Lt. Col. Edward Mason Wrench served in the Crimea with the 12th Lancers in the Indian mutiny. He took over a medical practice in Baslow in 1862 and also had medical responsibilities at Baslow Hydro and Darley Dale. He was made a Member of the Royal Victorian Order by King Edward VII. there is a memorial to Dr Wrench in Baslow churchyard.
On Baslow chucrch door is a sanctuary knocker – fugitives from justice would take hold of this and beg for entry into the church around the Middle Ages, they would then be safe from capture for as long as they stayed within the sanctuary of the church and the church bell would have been rung to warn the people of Baslow that the fugitive was within.
A glass case in Baslow church porch holds a dog whip.

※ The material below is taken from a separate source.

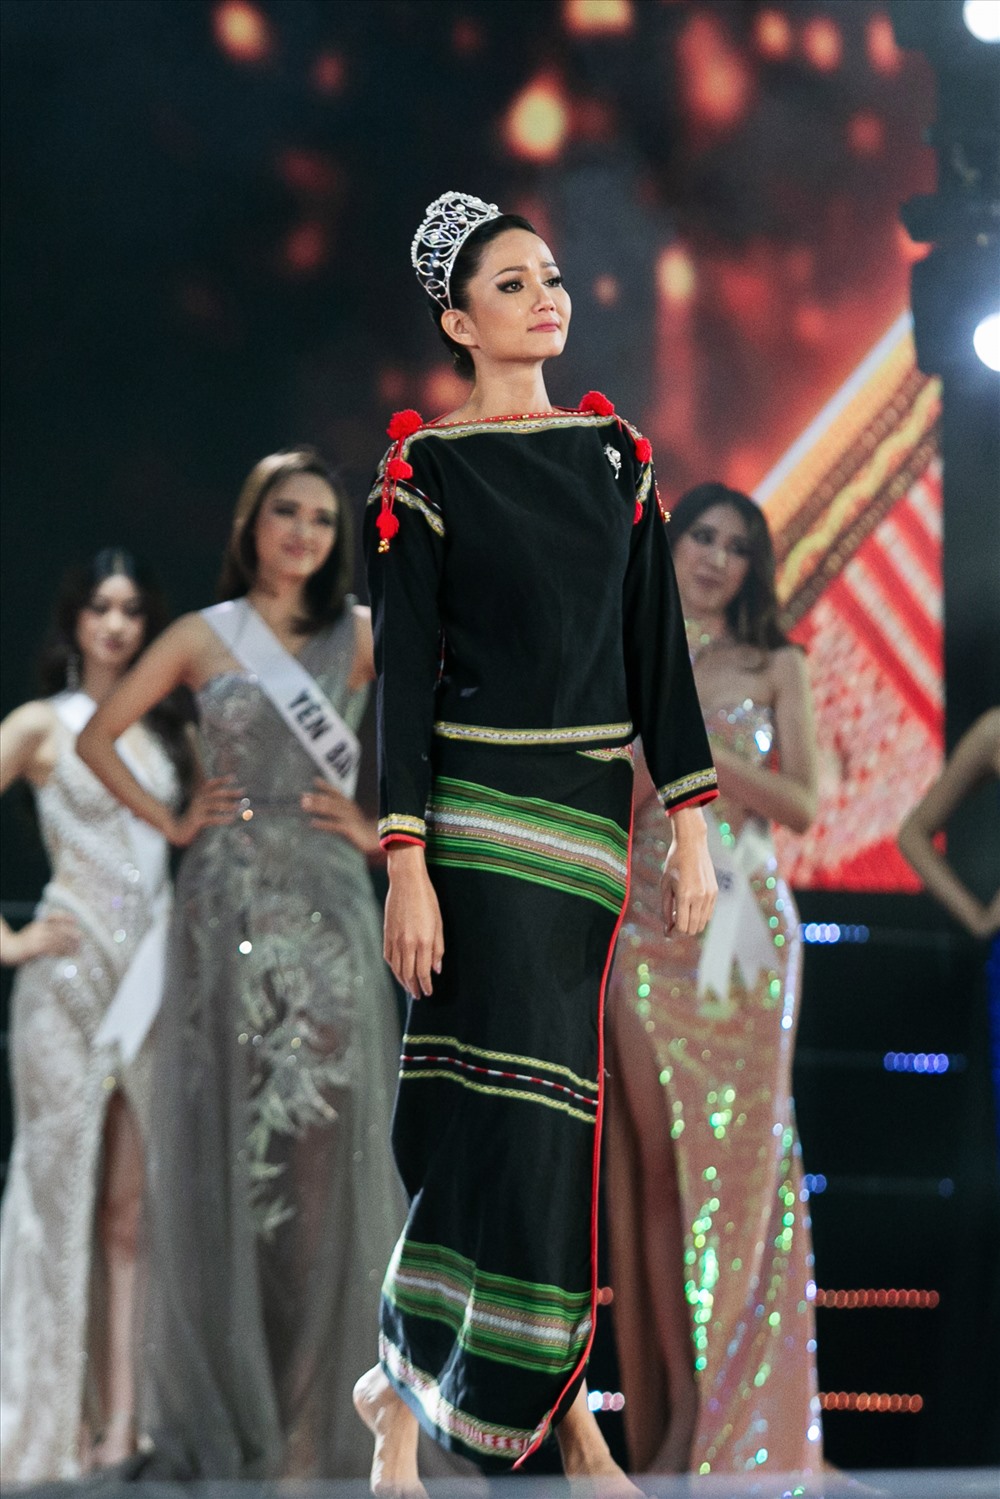 Hoa hậu H’Hen Niê xuất hiện với đôi chân trần và trang phục Êđê, đội vương miện trước khi trao lại danh hiệu cho người kế vị tiếp theo. Ảnh: MUVN.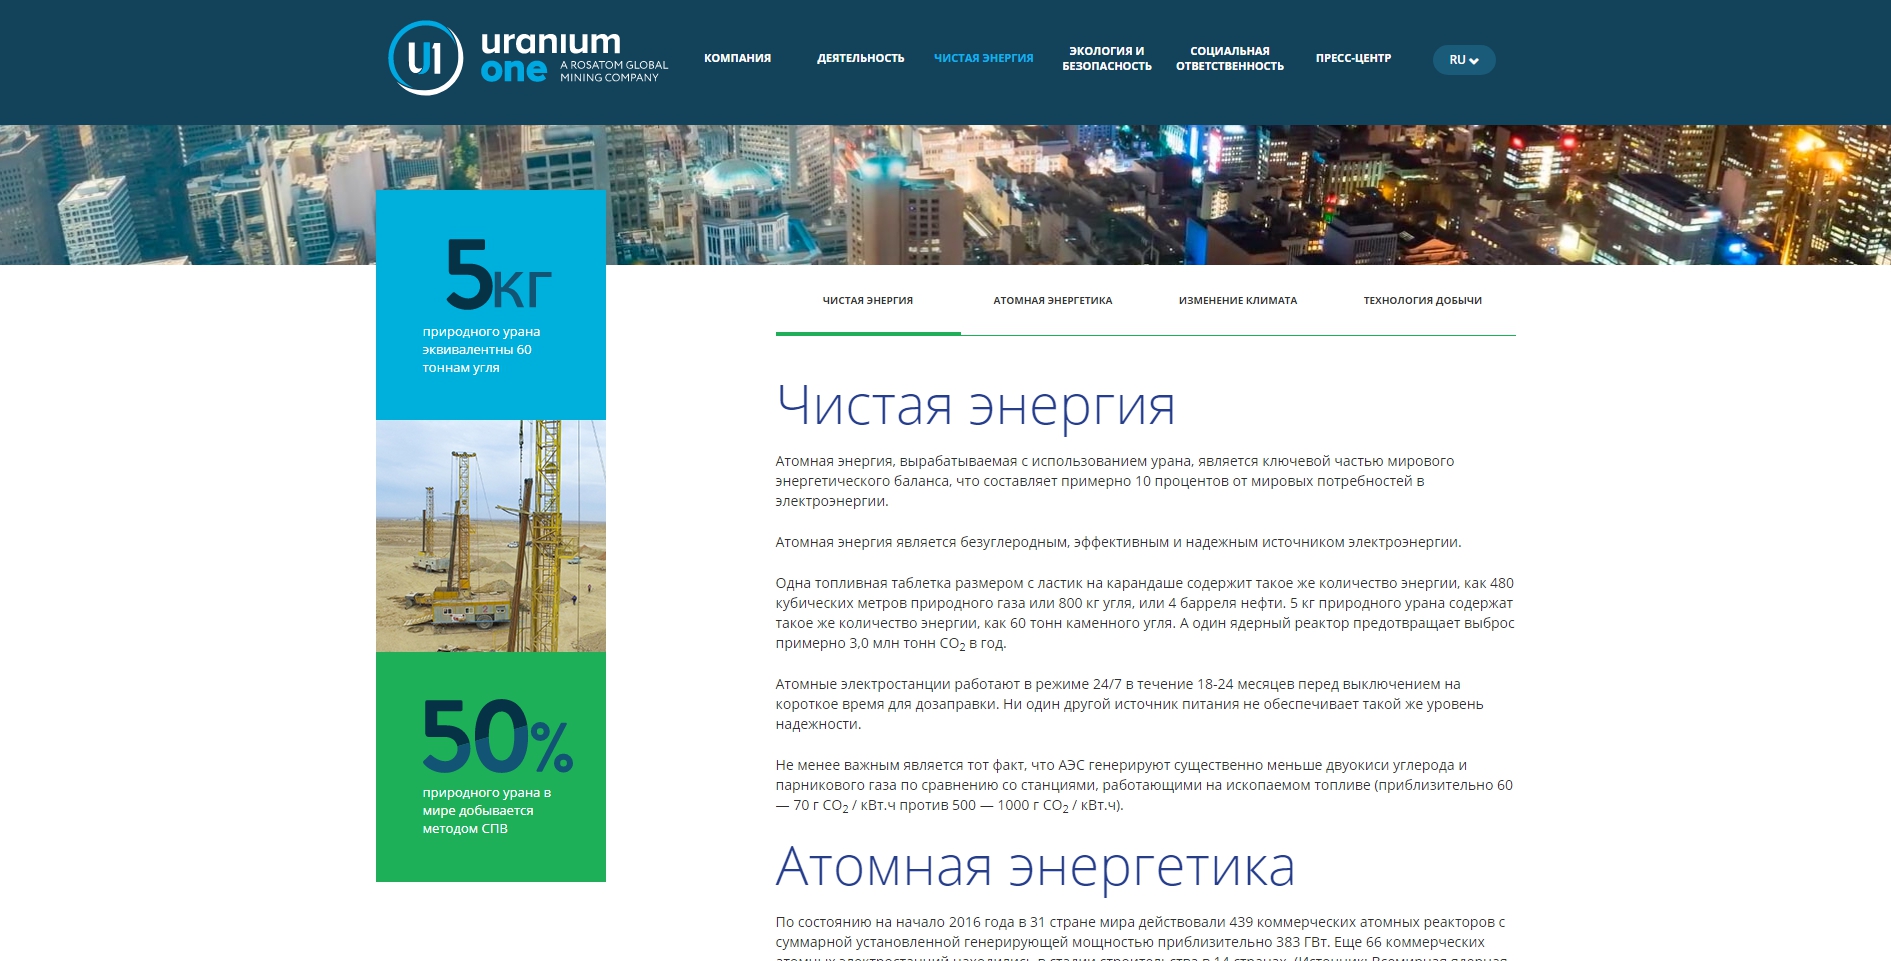 официальный сайт ао "ураниум уан груп"

It was the dog whipper’s duty was to chase stray dogs from the church, keep animals in church in order and to prevent anyone in the congregation from dozing off.
In the 17th and 18th centuries it was common practice to employ a dog whipper. An annual wage was often paid – at Youlgrave the parish accounts show that in 1604 the dog whipper was paid 1s 4d (7p) annually and by 1716 this had not increased. At Castleton in 1722 the ‘sluggard waker’ was paid ten shillings and used a long wand to tap anyone on the shoulder who looked like dozing off.
The Baslow whip has a leather bound handle with a three foot thong.